Jaqueline thanks so much for giving me the heads up on this. What bad timing for us, and awful news for our town in general.
I'm due in 5 weeks, so if I go over it could affect me. Hopefully though our babies will be on time, it'll be longer than 6 weeks and we'll both be OK! I wonder if the quality of care on the unit might suffer if everyone's demoralised as it's about to shut? Although my nurse friend says everyone's demoralised normally anyway so it shouldn't make much difference 
I'm not under a consultant now AFAIK. But last time I was augmented (induced to hurry things up once labour had started) and it's not clear whether they are going to do this again this time. My usual midwife has assumed they will, but I got a different midwife last week who said they won't, so I'm confused on that one.
If they are to induce me I want to know I have access to an epidural!
Oh I'm really annoyed about this.
In the hospital I gave birth to DS in, you had to chose between midwife led or more medical approach. I was high-risk so wasn't allowed near the midwife led unit. The medical using didn't have pools, balls or any of that stuff. What I liked about our local hospital was that it was medical and had pools and balls etc available.
Also at NCT, the woman who led the classes was singing the praises of our hospital. She said they have a dedicated obstetrics surgery team, so if you end up having a CS you are under the best care. They stitch every layer of skin when sewing you up, for example rather than every other layer, which is what happens in hospitals which don't have dedicated obstetrics units. (Only very experienced teams can do this in the time available apparently, but it leads to better healing not unsurprisingly.)

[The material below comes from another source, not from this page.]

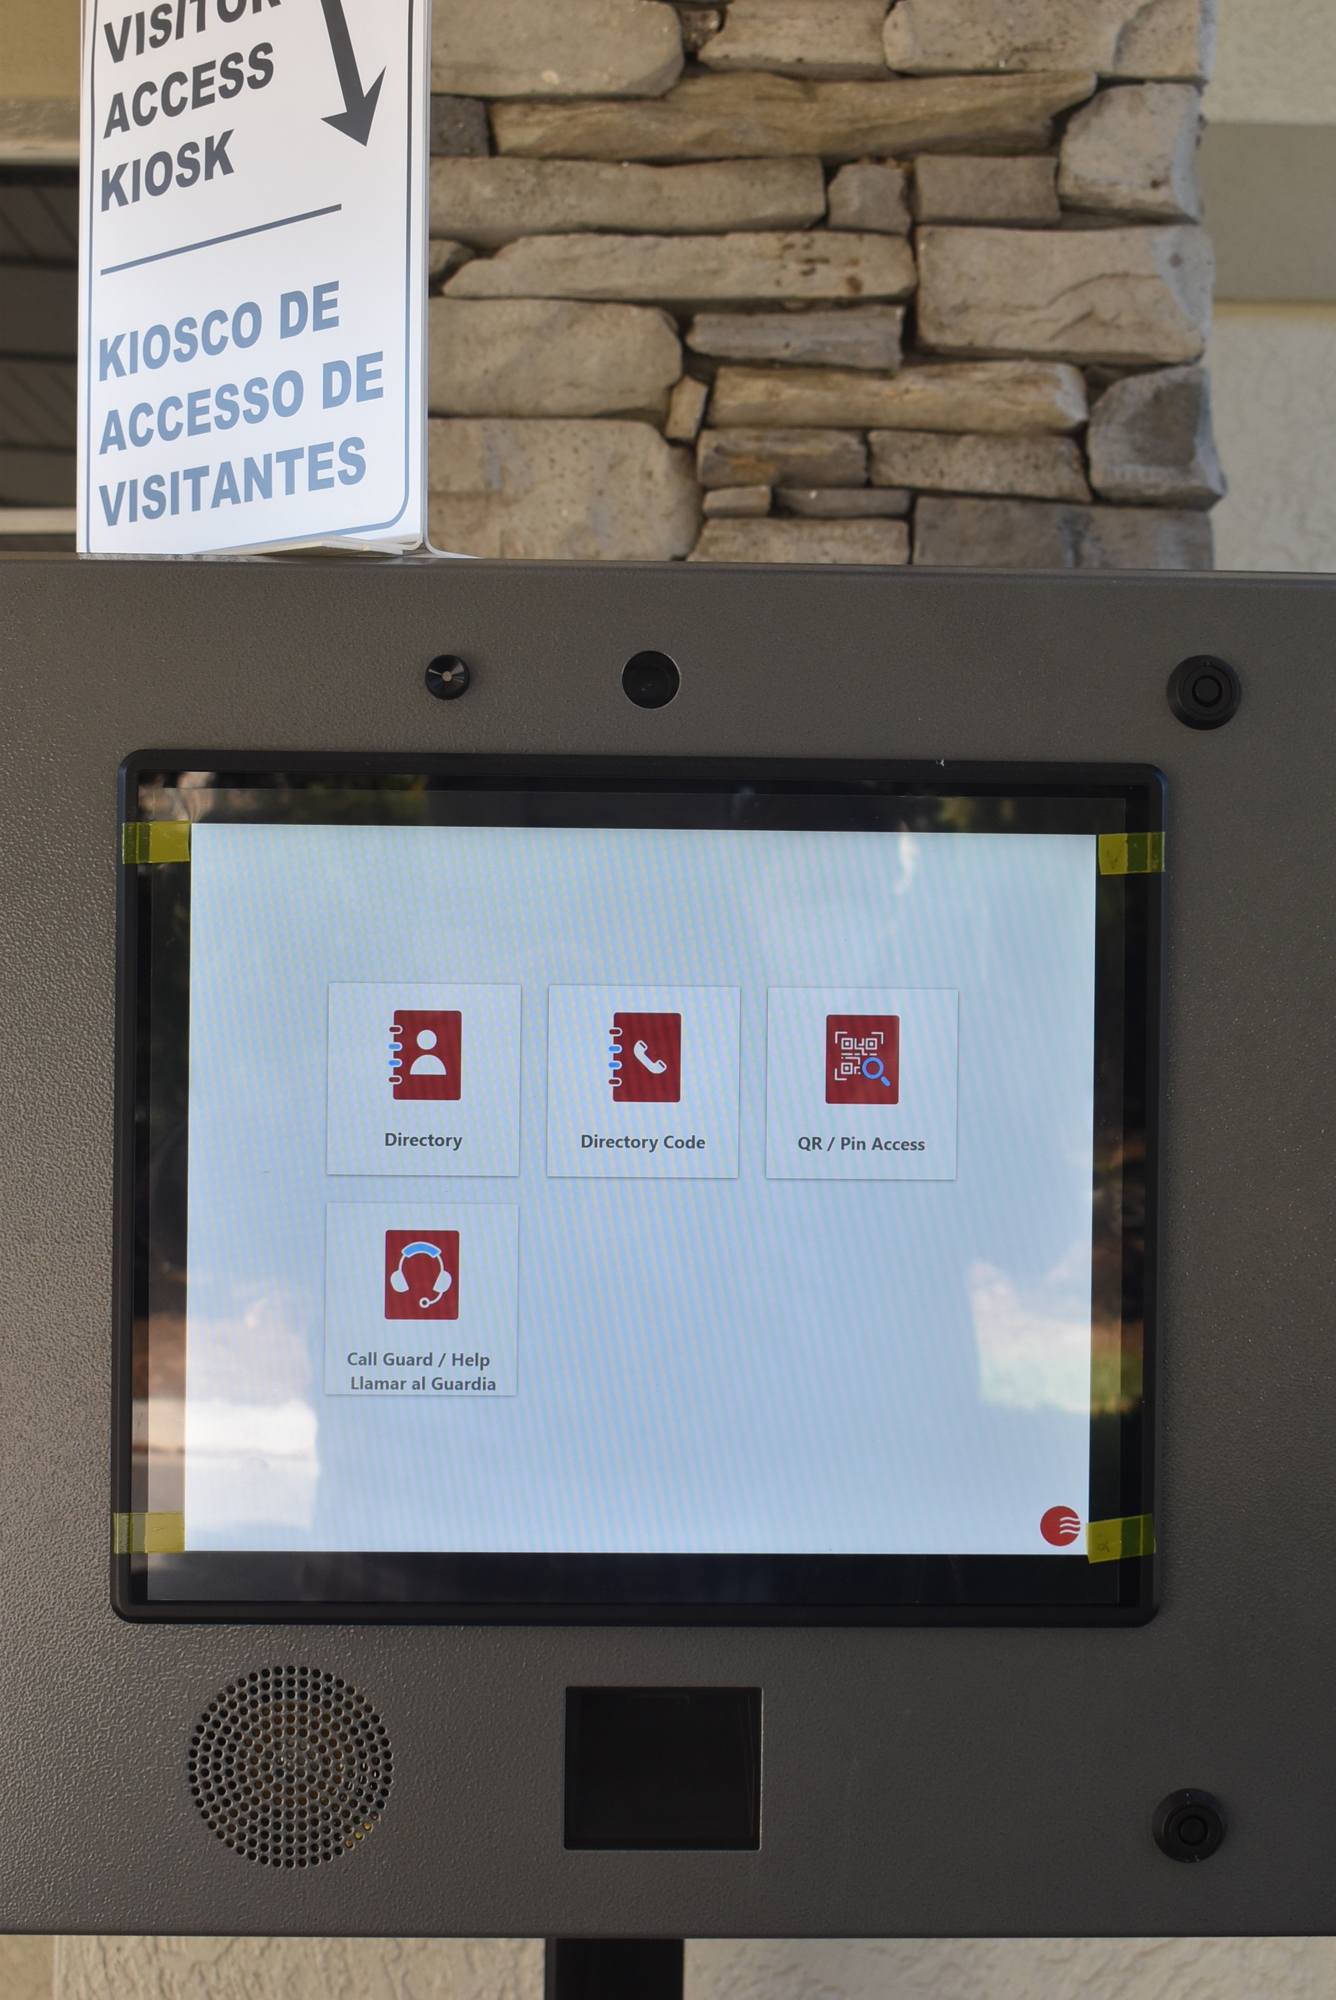 The new kiosks allow guests to scan a QR barcode to gain entry, which is much more efficient than using a guard to record the guest's information.

I have lots of questions now. Our hospital uses Propess (a pessary to induce). They've only started doing this very recently after the hospital the other way down the coast used it successfully for a year. Does the hospital they want to move us to use it? I really want to avoid the drip if at all possible.
What happens in a midwife led unit if you decide you need an epidural, do they have to transfer you down to the other hospital (in screaming agony?!) What about if you become high-risk or need a C-section? What about emergency C-sections? Do they still happen in the same hospital?
What a spanner in the works. 
It'll make it much harder for DP to pop home when I'm in hospital and we have DS to think about. We may have to rethink our arrangements for DS being looked after when we're in hospital.
Also, DP also has an operation coming up which will be affected by the other units being closed at the hospital. He can't drive home afterwards, so will have to pay a cab between towns which will cost a bloody fortune! The downgrading of our hospital is going to make life difficult for so many people here.